Las pechugas en papel de plata, compraríamos pan en La Nave, dos manzanas pequeñas y un tomatico para untar y que no se haga bolo. Tras rellenar la cantimplora más grande de las dos que me prestó Josemari, es triste no tener de nada pero aquí se portó bien el chaval , introduje el sustento en la mochila y al levantarla ya noté que pesaba demasiado. Me asusté y cambié el agua fría de cantimplora, a la más pequeña, haciéndome la ilusión de que pesaba menos. Gorro de los Simpson muy apropiado, mío, y gafas de sol también adecuadas y mías. Crema solar que no falte. Cerré el petate y me lo eché a la espalda maldiciendo el momento en el que había tocado las cintas para hacer más amplios los tirantes. Sentí que me desnucaba con todo aquel peso cervicales abajo. Casi se me olvida, la cajita con la química: Antiinflamatorios, analgésicos, antihistamínicos, antiácidos y algún anti que no recuerdo.
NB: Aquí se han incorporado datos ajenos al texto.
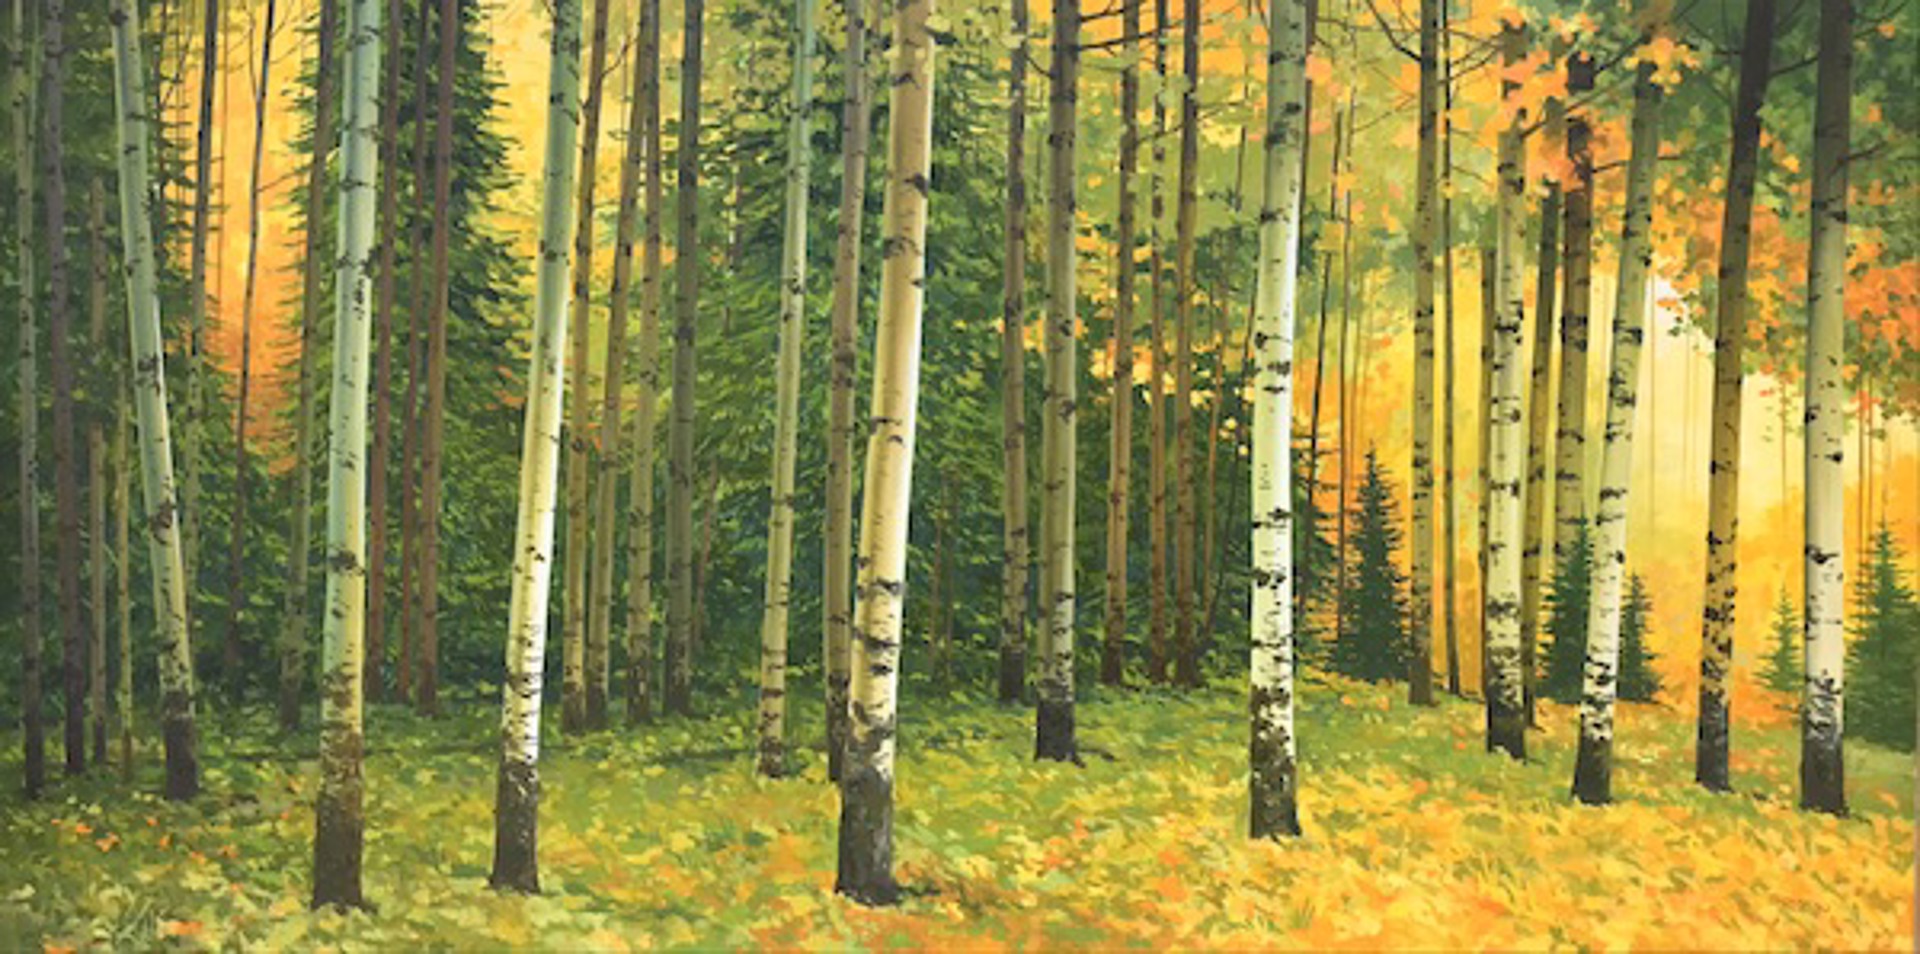 Golden Glade by Keith Thomson

Llevaba unos días dopándome con ellas y esperaba que no me fallaran, siempre confié en la Medicina. Se me hacía tarde y no quería llegar con retraso al lugar en el que me esperaba Santiago y un amigo suyo, ya los imaginaba cacheados por los agentes y con explicaciones colgadas de los piolets. Así que me calcé mis inapropiadas botas de baloncesto, descartadas afortunadamente por lo que luego se verá, las zapatillas sudadas de loneta y me abracé a mi compañera no sin antes dejar una nota de despedida en la cocina y coger llaves, móvil y cartera.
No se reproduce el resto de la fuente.